Exercise: NGS data and quality control

0. Setup

Before beginning this exercize, please make sure you are comfortable with the following.

  • Launching a virtual machine (VM) with iPlant Atmosphere (documentation)
  • Connecting to an Atmosphere VM with VNC Viewer (documentation)
  • Setting up iPlant Data Store access on your machine with the iinit command (documentation)
  • Entering basic UNIX commands on the command line

For this exercise, let's create a directory that will serve as your working environment. It is a good habit to do this for all exercises and assignments to keep your file system organized.

cd
mkdir qc
cd qc
touch 0README

Here are a few hints in case this is your first exposure to UNIX.

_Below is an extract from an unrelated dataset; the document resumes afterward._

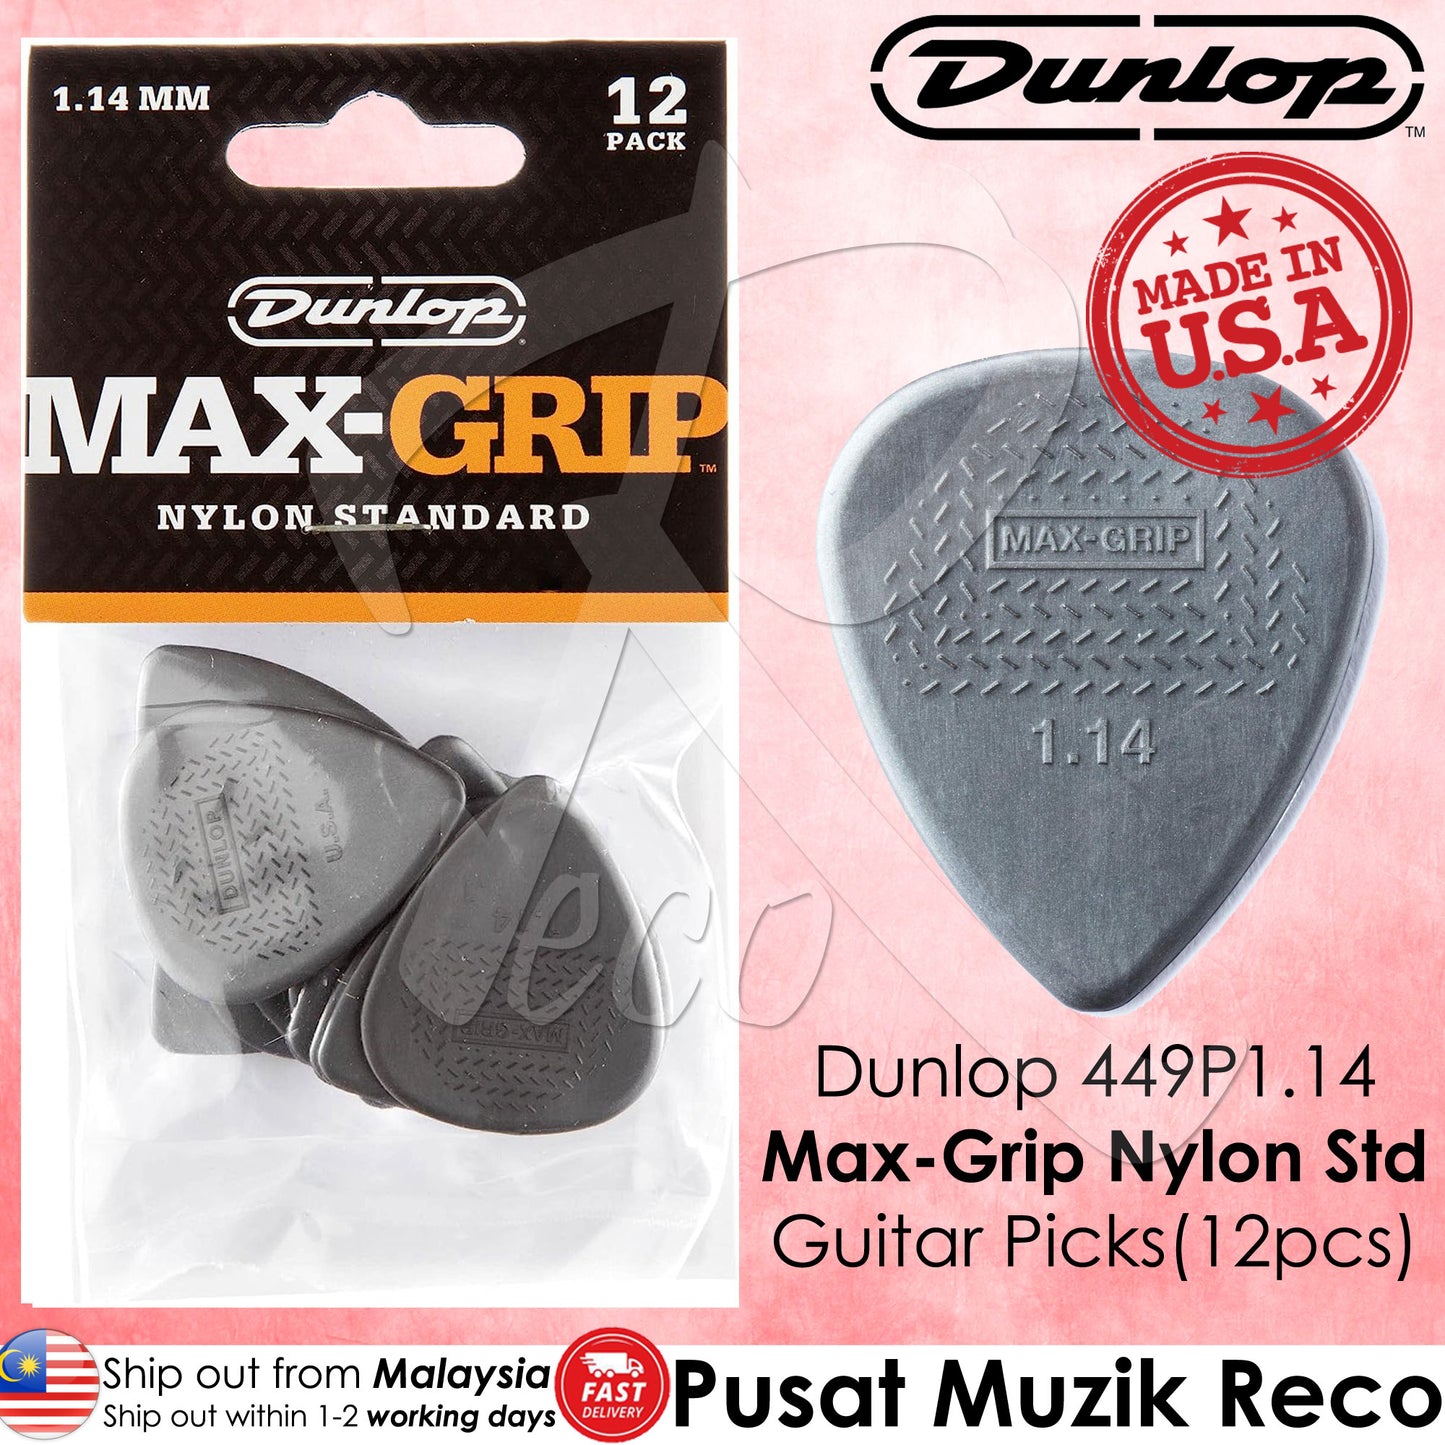 Jim Dunlop 449P1.14 Max-Grip Nylon Standard, Carbon, 1.14mm, 12/Player's Pack
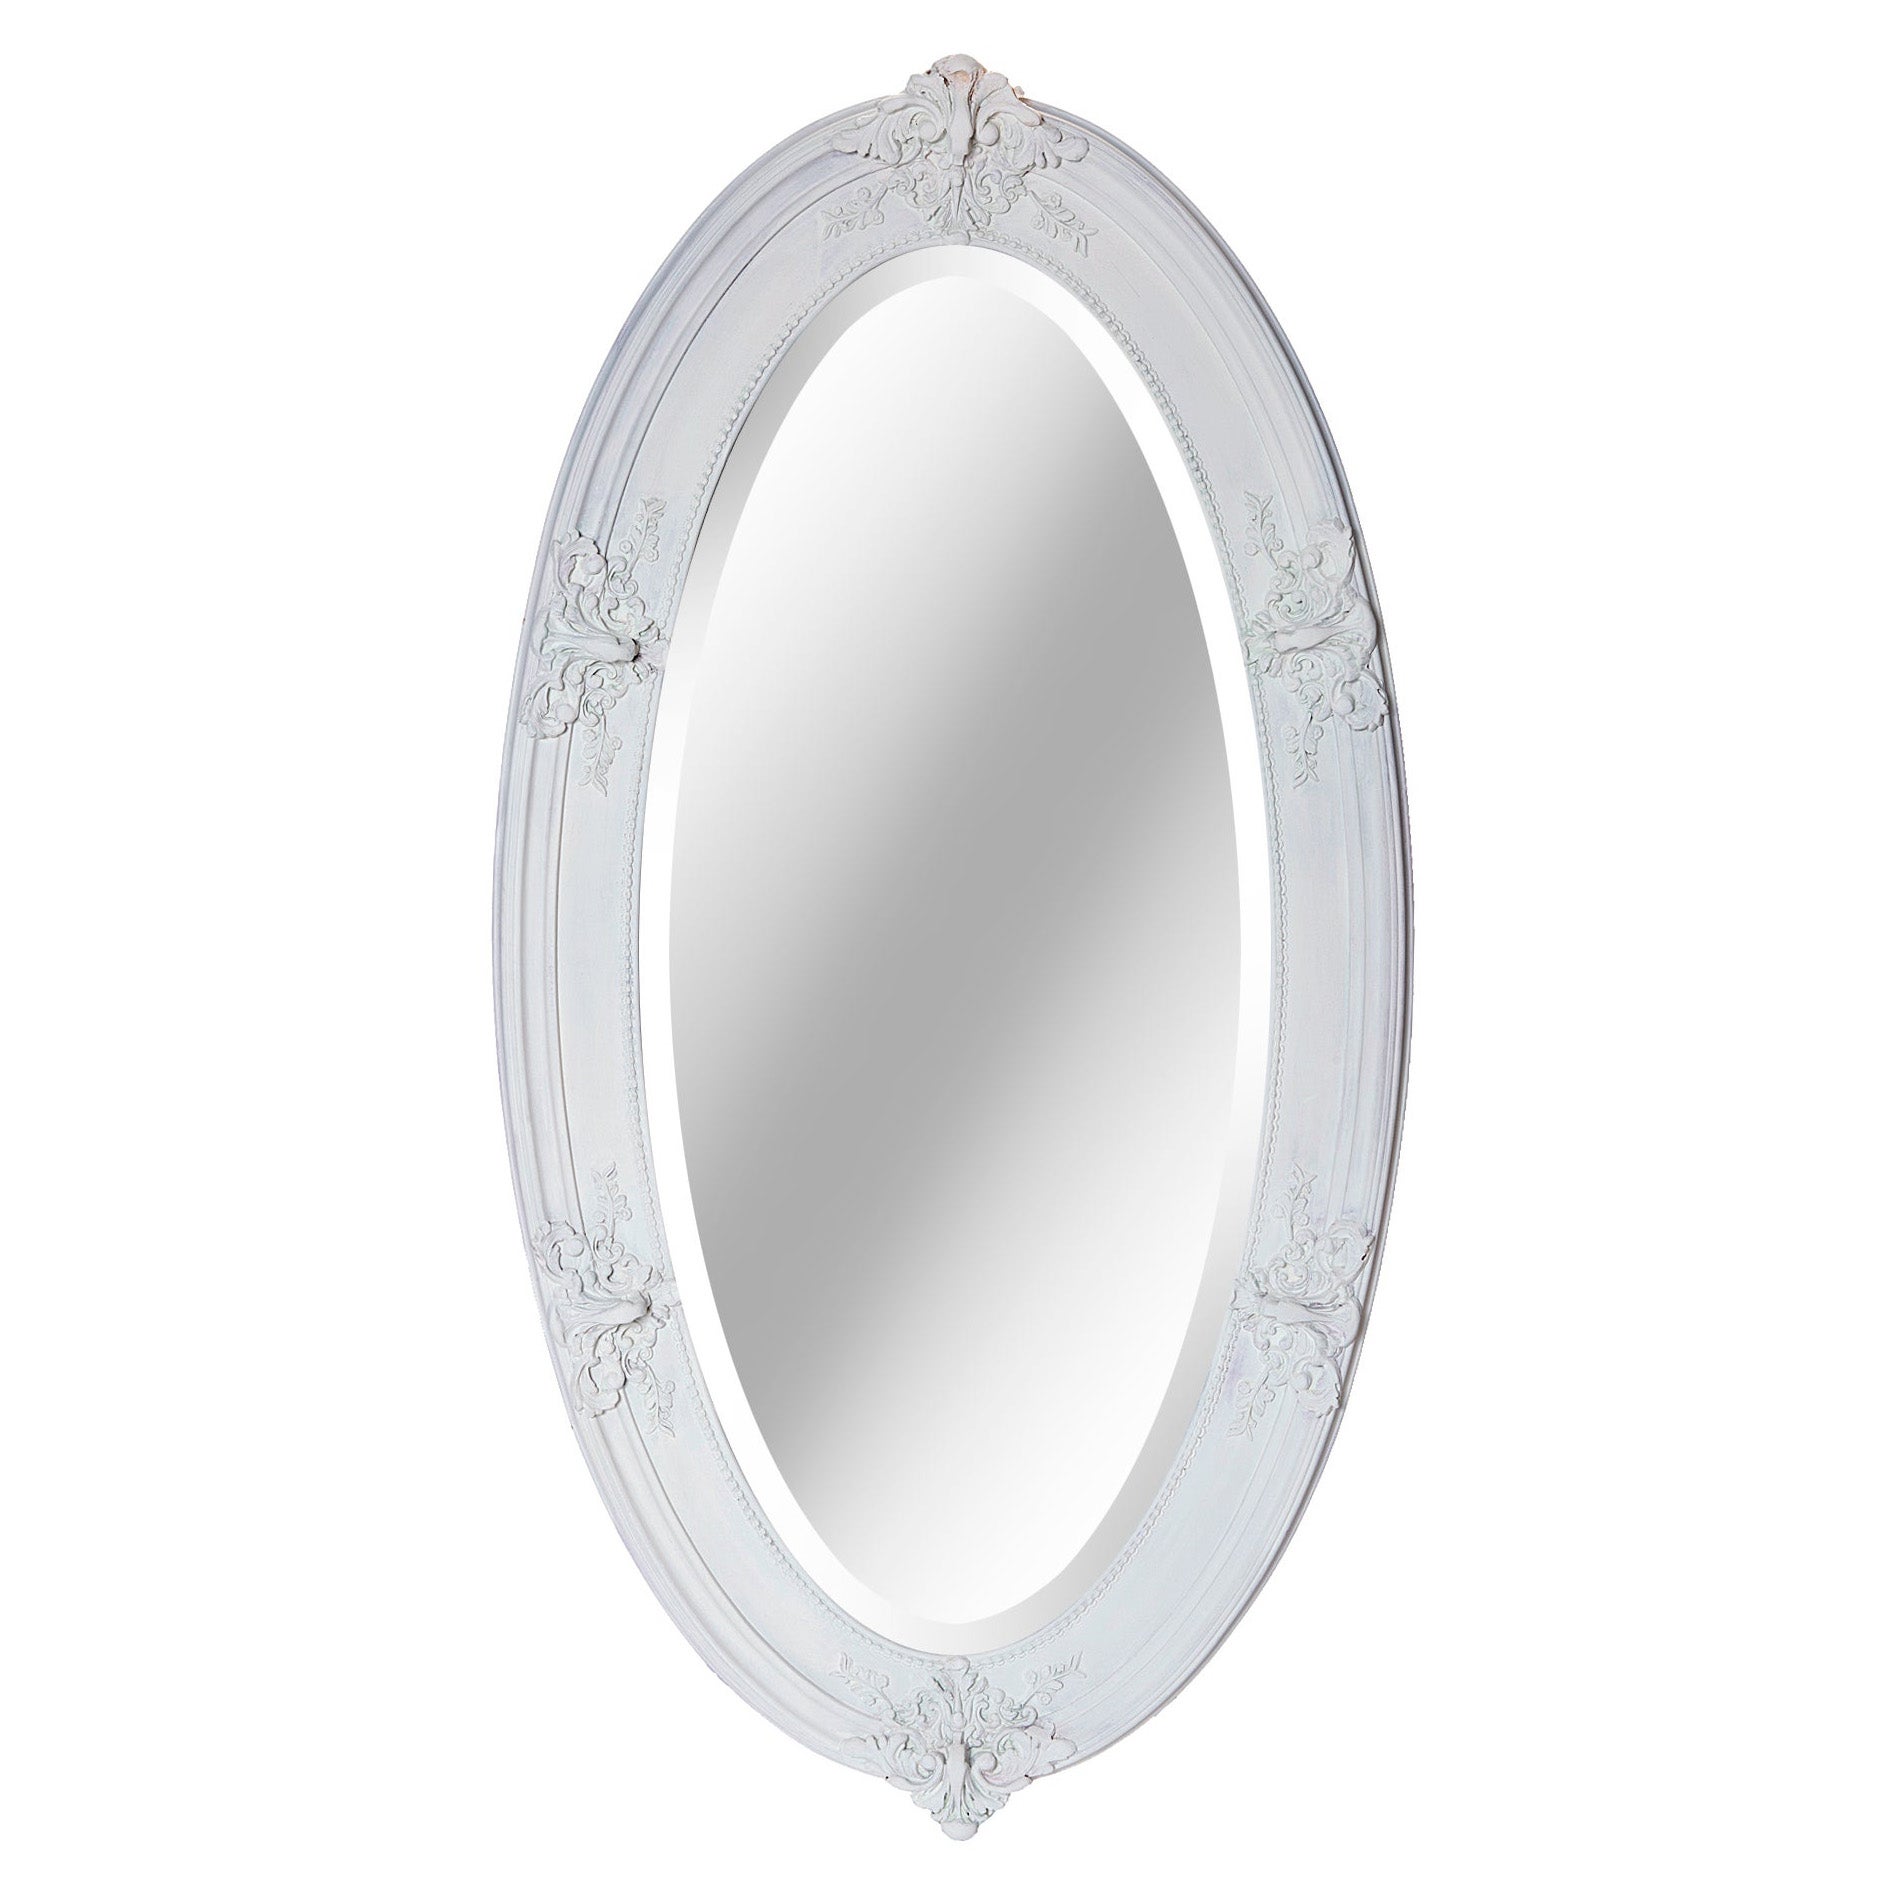 Viktorianischer abgeschrägter ovaler Spiegel

  • The command cd takes you to your home directory, typically something like /home/username or /Users/username. You may already be in your home directory, but this command just makes sure.
  • The command mkdir qc makes a directory in your home directory named qc. We will place all of the data files, notes, and so on for the exercise in this directory.
  • The command cd takes you to the new directory you just created.
  • The command touch 0README creates a new empty file named 0README. It is common practice to keep notes in some kind of 0README file, for the same reason we keep a lab notebook. You may want to keep raw notes in your 0README files, and then go back later and clean up the notes on the wiki for sharing with the class. There's no one “right” way to do this, so come up with a system that works for you.

Running on lab iMacs

It looks like the iPlant Atmosphere maintenance is taking longer than originally expected. The exercise should be simple enough to do on the iMacs in the lab, but we'll have to install a couple of programs.

1. Data access

Log in to your virtual machine and download the following data set from the iPlant Data Store (using the iget command). This data is bacterial genomic DNA and was obtained from NCBI's Short Read Archive. In the interest of Getting Things Done In A Reasonable Timeframe, a small subset of the entire data was selected for this exercise. However, every aspect of this exercise should be realistic, except that when analyzing a complete data set you should expect things to take a bit more time.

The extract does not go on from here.